Klik hier

Neonatale presentatie van Incontinentia Pigmenti
H De Maeseneer, J D’haese, A Casaer, W Decaluwe, M Sijmons, L Cornette
Dienst Neonatologie
AZ Sint-Jan Brugge-Oostende AV
Bij een aterme, vrouwelijke neonaat worden op D1 pustulae met een gele schijn waargenomen ter hoogte van
het rechter handje, met nadien neiging tot uitdrogen en afschilfering. Op D2 gedraagt het meisje zich
prikkelbaar, heeft een hoge schrei en breidt de huiduitslag zich uit met pustels ter hoogte van de ledematen.
Tevens bemerken we t.h.v. de romp een diffuus, vlekkerig, niet-wegdrukbare rash, alsook faciaal een eerder
lijnvormig erytheem. Wanneer verder op D2 belangrijke apneus en desaturaties optreden wordt de
werkdiagnose van neonatale meningitis gesteld en wordt het meisje opgenomen op de neonatale intensieve
zorgen afdeling, alwaar bacteriële en virale diagnostiek worden ingesteld. Eerstelijns antibioticatherapie wordt
opgestart. Omwille van toenemende apneus wordt patiëntje geïntubeerd en Dormicum wordt opgestart. Bij
manipulatie blijft zij prikkelbaar en op D4 (na afbouw Dormicum) worden subklinische convulsies
waargenomen bij CFM-registratie. Multifocale elektrische epileptiforme crises worden bevestigd op EEG.
Luminal wordt toegediend, met gunstig effect. De cutane afwijkingen verdwijnen 48 uur na opname. Op NMR
hersenen worden echter multipele hemorragische infarcten aangetoond, zowel supra-tentorieel als cerebellair.
Wanneer culturen en lumbaalpunctie negatief blijken, wordt de werkdiagnose van neonatale meningitis
verworpen en kunnen de antibiotica worden gestaakt (D7). Op D9 treden nieuwe huidlaesies op, die evolueren
naar met citrijnvocht gekleurde vesikels.

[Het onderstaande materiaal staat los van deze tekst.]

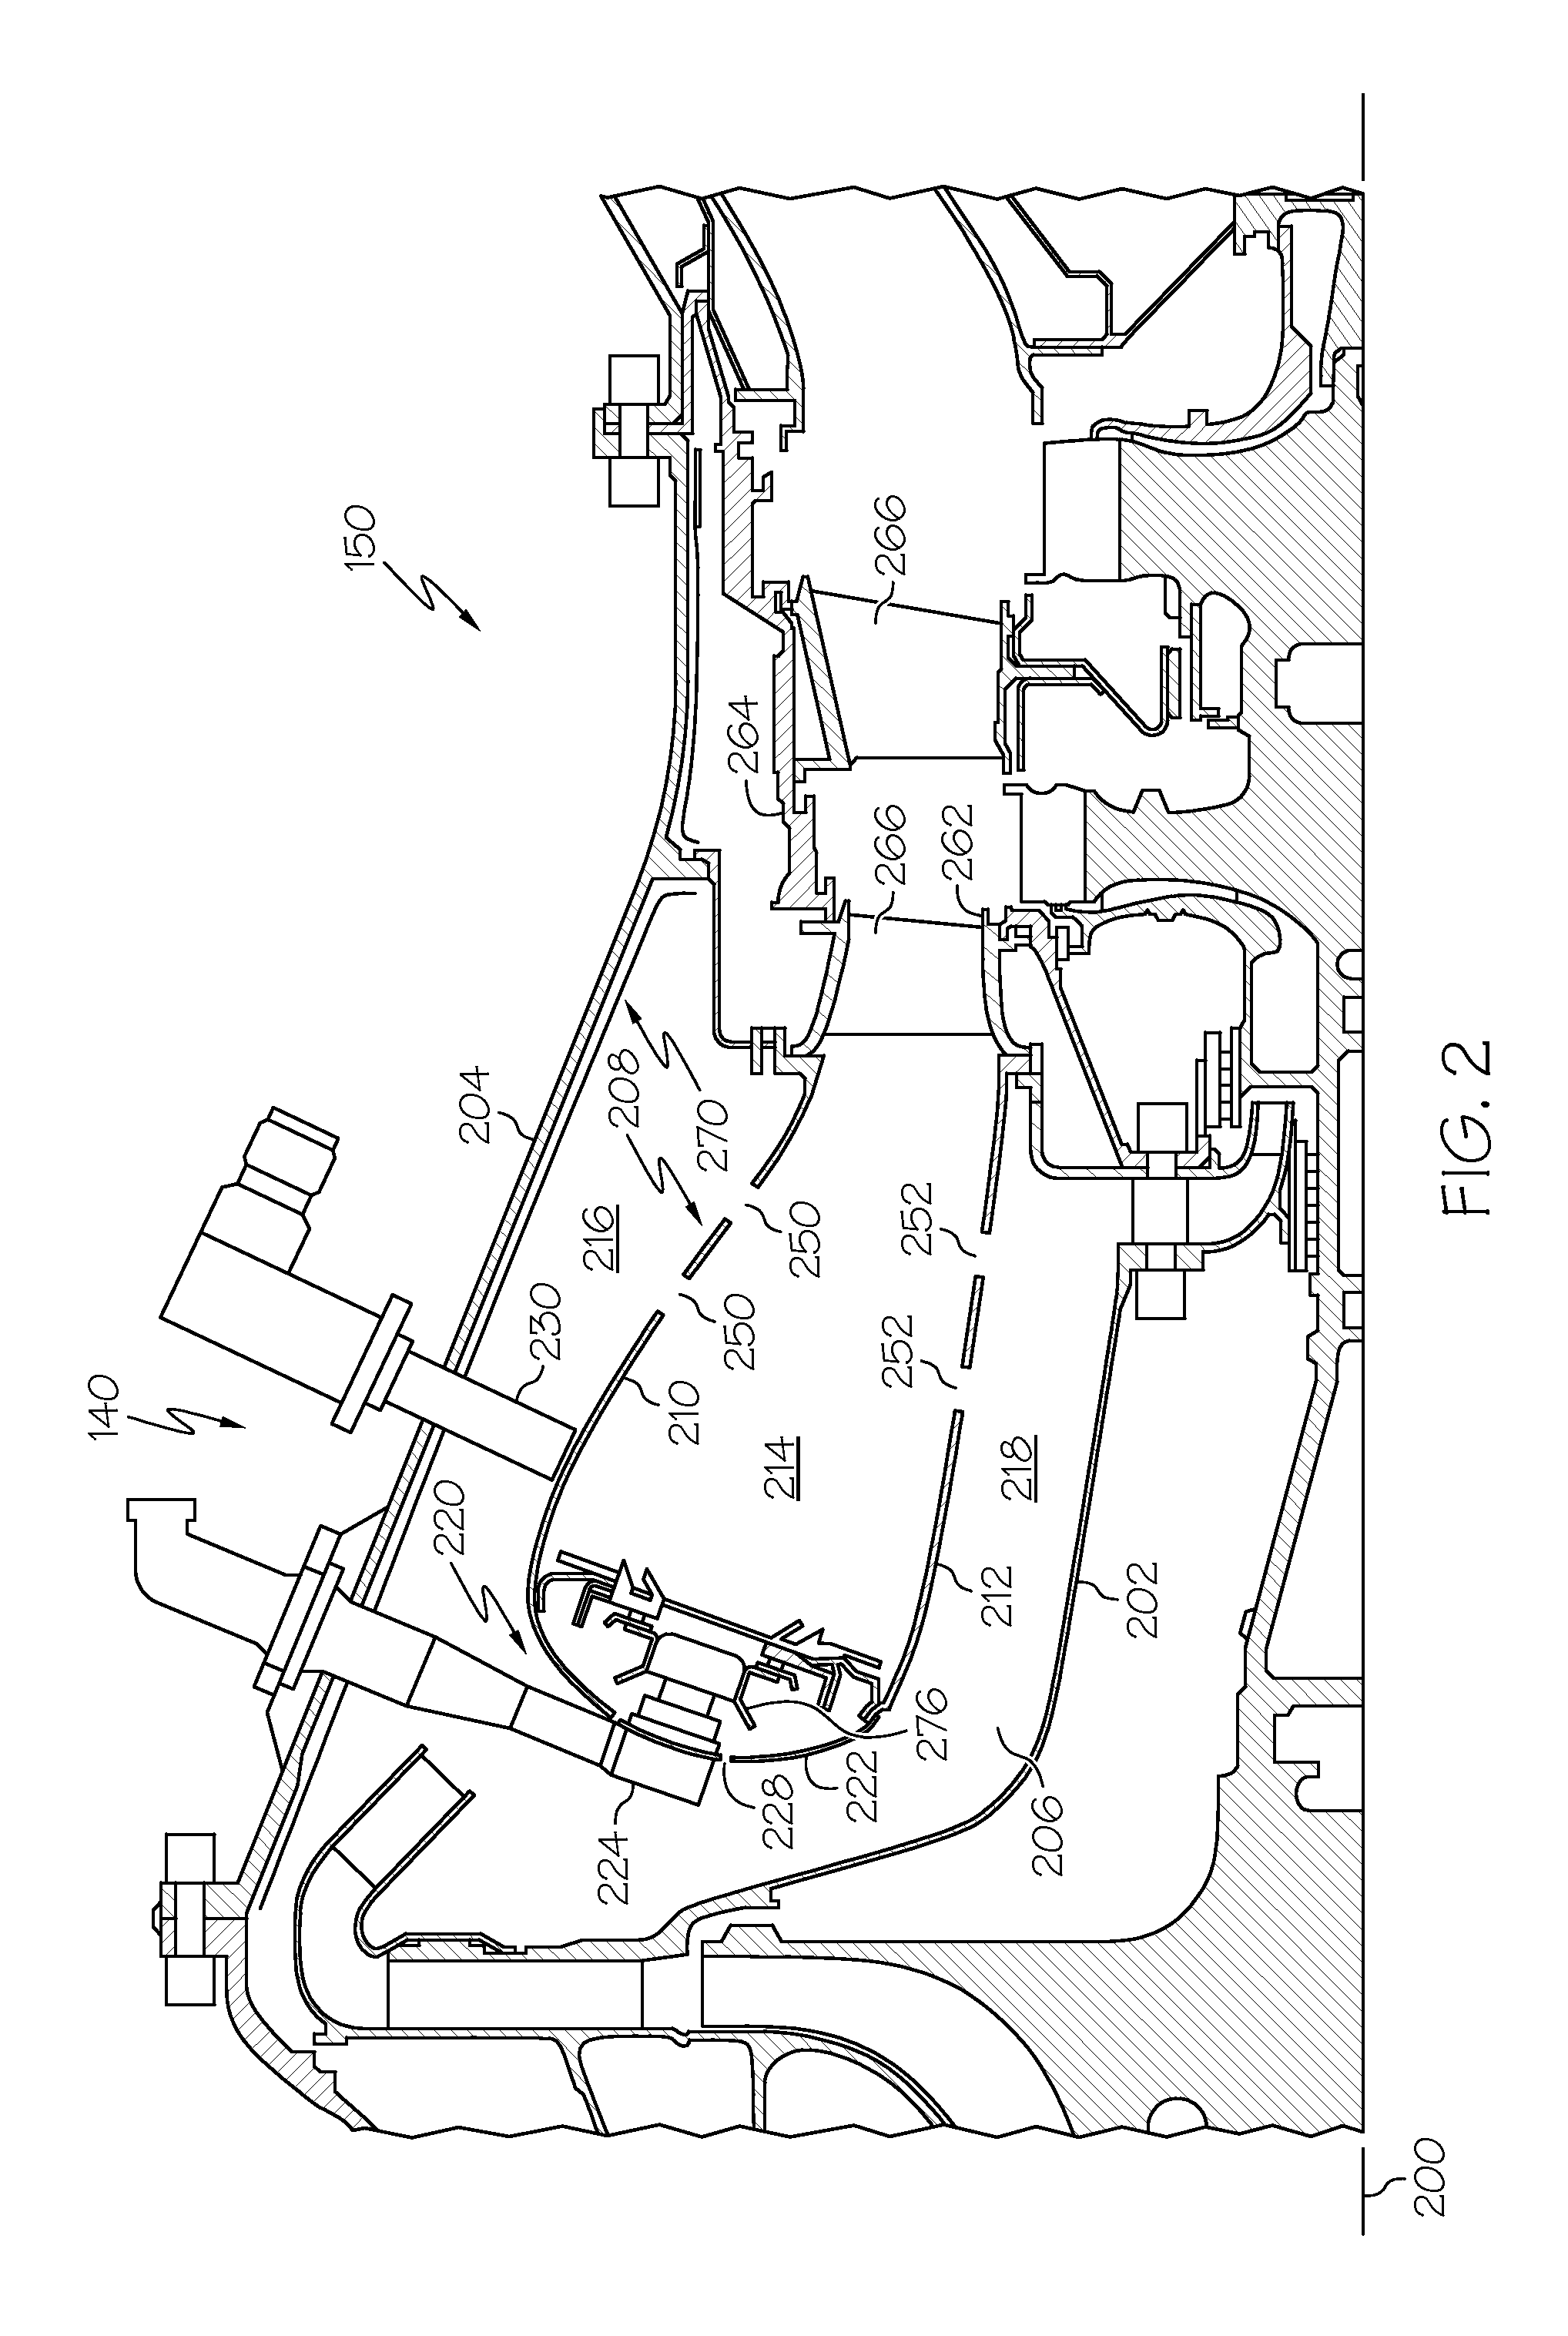 Combustion sections of gas turbine engines with convection shield assemblies

Dergelijke progressieve en diverse huidlaesies stemmen overeen met de verscheidene stadia van incontinentia
pigmenti (IP of “Bloch-Sulzberger syndroom”). Aan de hand van een huidbiopt wordt onze klinische diagnose
van deze neurocutane aandoening bevestigd. Genetisch onderzoek resulteert tevens in de moleculaire
bekrachtiging van IP: patiëntje draagt de exon 4-10 deletie in het IKBKG (NEMO) gen op het X-chromosoom.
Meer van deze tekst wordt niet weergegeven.